Back up on that mountain top, the Law and the Prophets are shining bright… talking to Jesus about his departure… about his death… which Jesus had just begun to describe to his disciples… what was going to happen when they reached Jerusalem… “The Son of Man must undergo great suffering, and be rejected by the elders, chief priests and scribes, and be killed, and on the third day be raised.” Jesus tells them clearly what lies ahead and then adds… “If any want to become my followers, let them deny themselves and take up their cross daily and follow me.” Lent is the season in which we take that journey to the cross… Christ’s cross… and to the cross we are to take up daily. This cross, though, is a transformed cross… changed by God’s glory shining forth. Here we have as the principal symbol of our faith what was an instrument of darkness… an instrument of death. A brutal instrument designed to bring agony… exposed to the elements, the lungs slowly filling with fluid, the pain of hanging by outstretched arms as one’s strength faded, the dead often left to rot away. A brutal instrument designed for spectacle and the twisted pleasure for some… and horrifyingly continuous trauma for others. A terrifying symbol of our inhumanity… the kind of power embraced again and again by those who are servants of the darkness. The cross… as it was originally conceived… is the perfect example of our being the furthest from the light of God’s glory.

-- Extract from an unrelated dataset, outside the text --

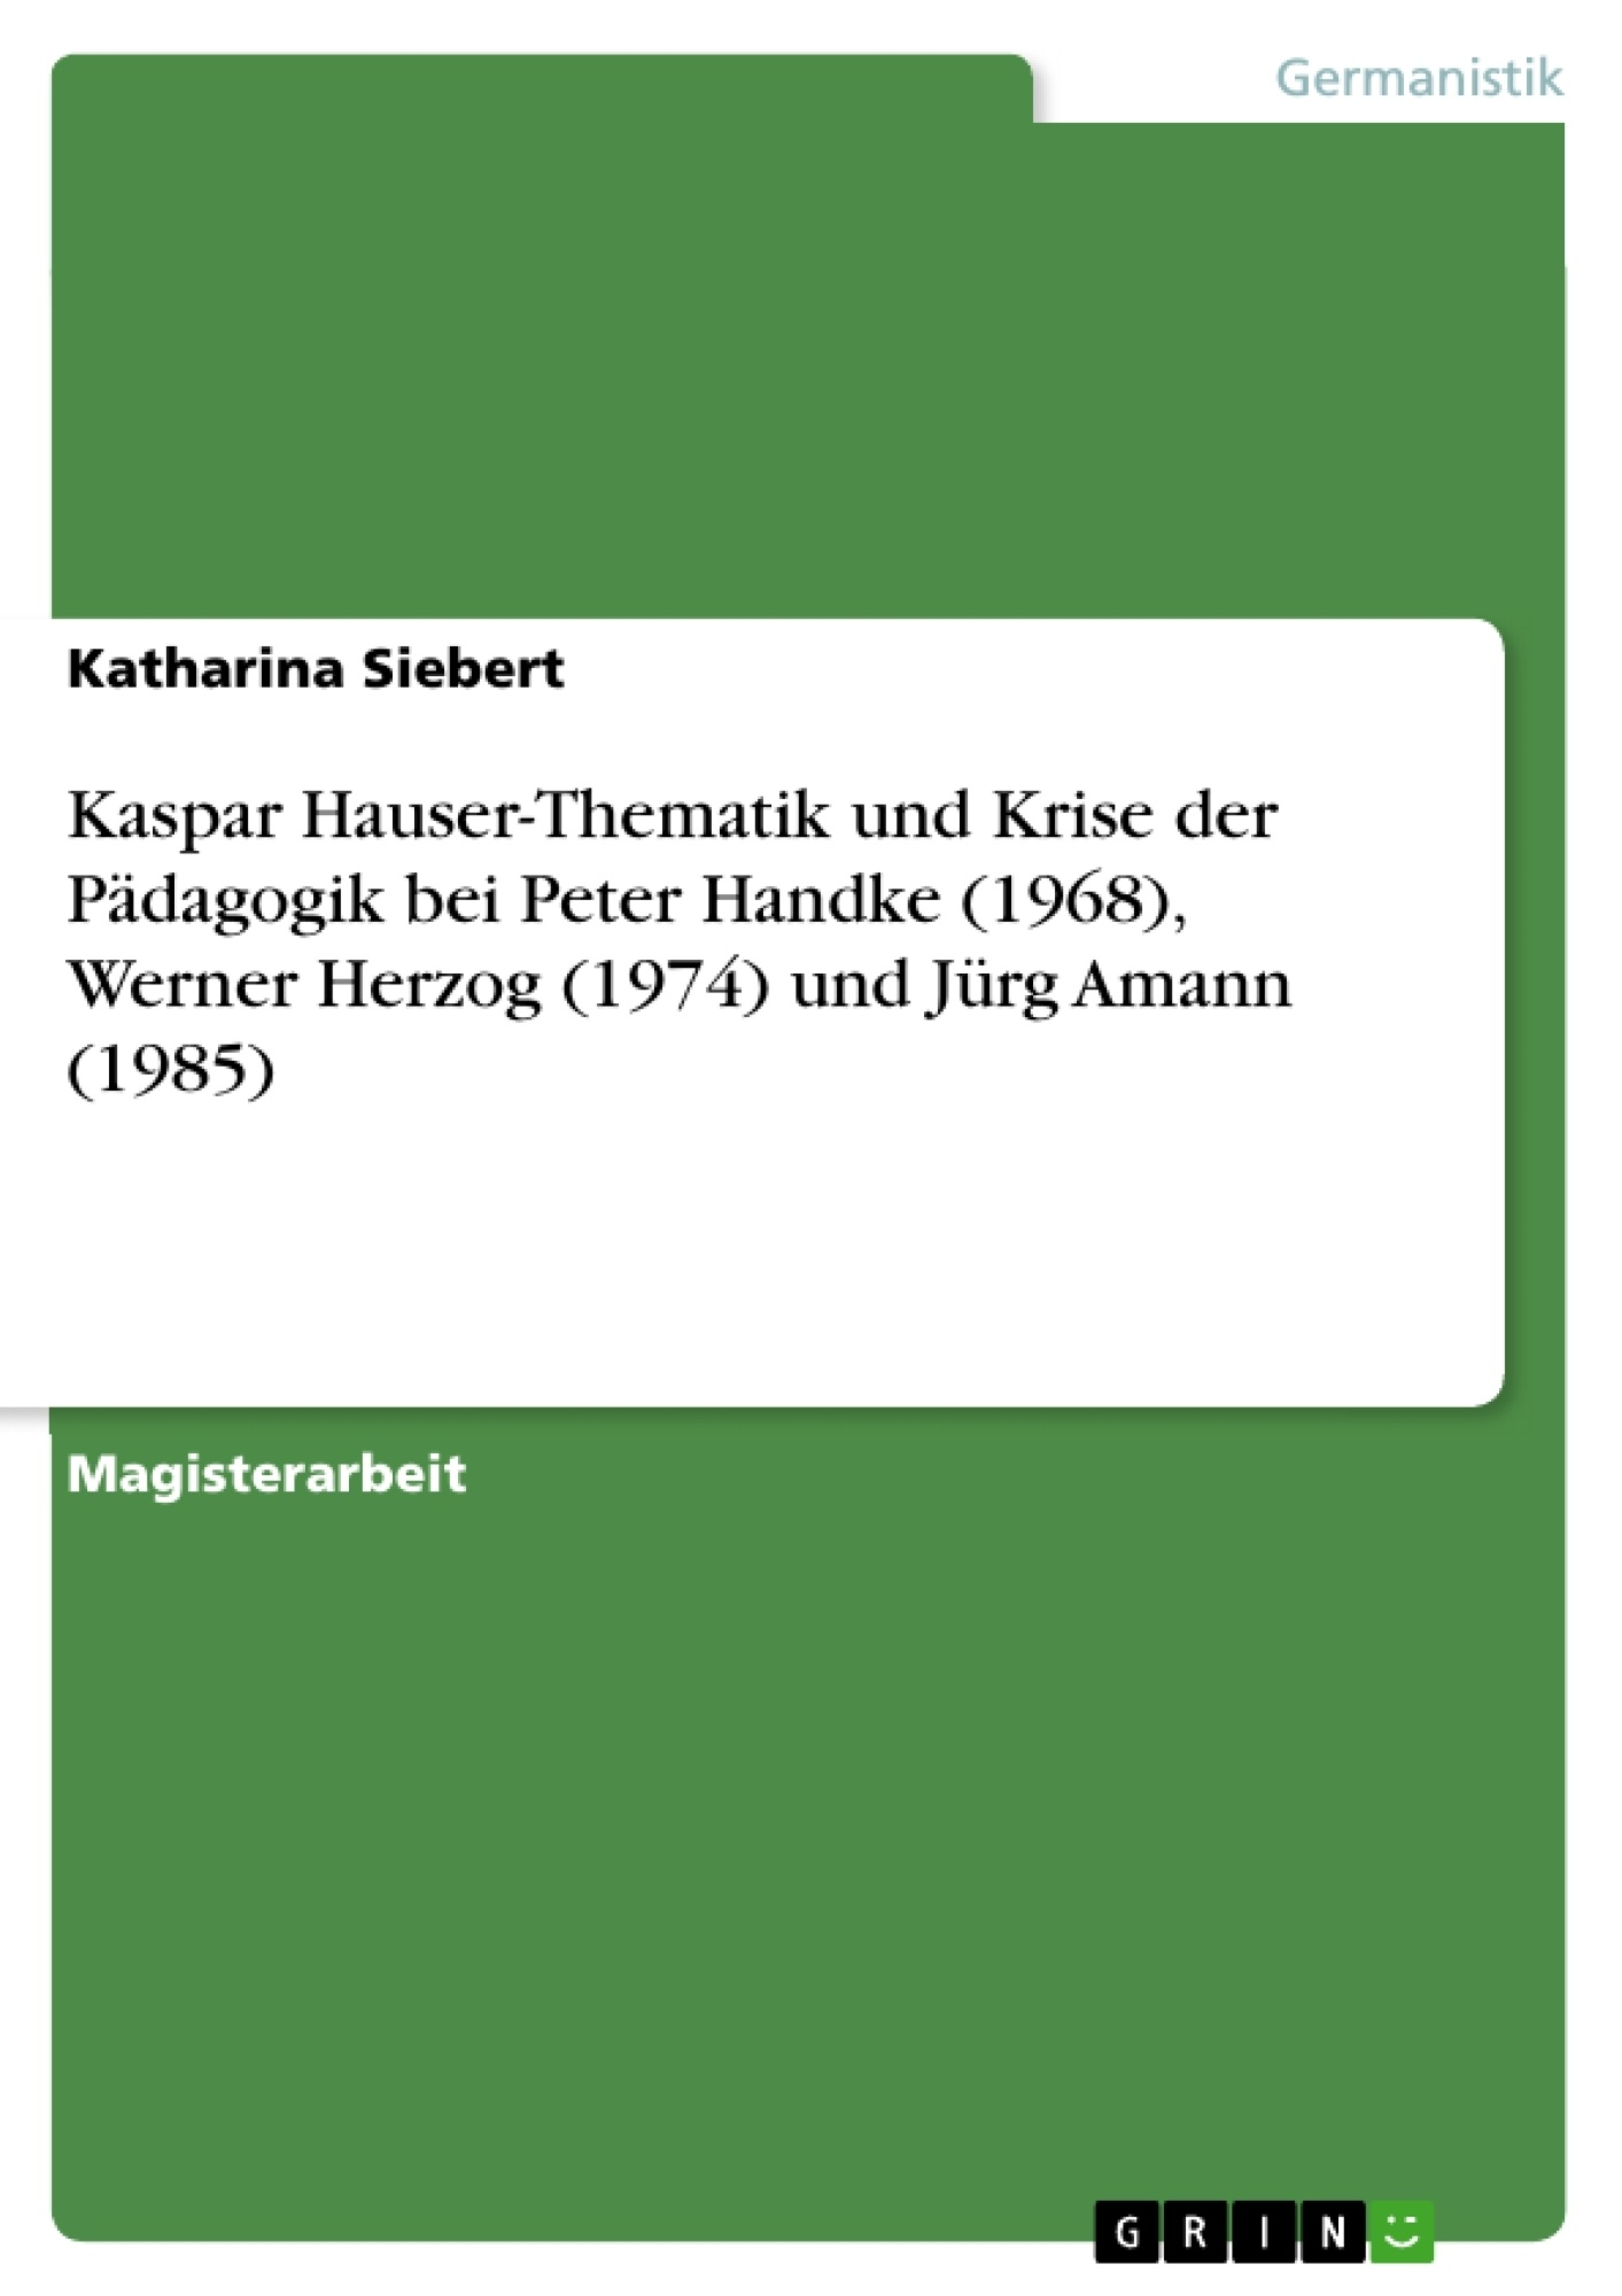 Titel: Kaspar Hauser-Thematik und Krise der Pädagogik bei Peter Handke (1968), Werner Herzog (1974) und Jürg Amann (1985)

You can pour into that cross all our senseless warring… all those who are left unfed to die of starvation… all those on whose corpses have been built systems of power and consumption.

Yet… the light of God’s glory will not be overcome. Just as we have tried to blot out the glory of God in both Law and prophets… God turns and brings a light so bright to our deepest darkness that the darkness will never be able to overcome the light again. The judgment of the light of God’s glory upon the cross… transforms this sole instrument of death with the power of the resurrection. Take away death and the fear it brings… and what excuse is left for us to hide behind… what is left of the darkness for us to embrace and confuse with our own delusions of grandeur? Do not return evil for evil and what happens to evil’s power? Overcome greed with generosity and greed has nothing left to desire. Return truth for lies and the foolishness is made abundantly clear.

Take up the transformed cross daily and the unclean spirit that seeks to possess the faithless and perverse will be rebuked… blindness will no longer cover our eyes and the greatness and glory of God will be our vision… and our ears will be opened… to listen… to listen to the Christ who stands before us speaking the truth of the Law and the prophets… being the fulfillment of the Law and the prophets… our redeemer… our savior… the Lord of life. Amen.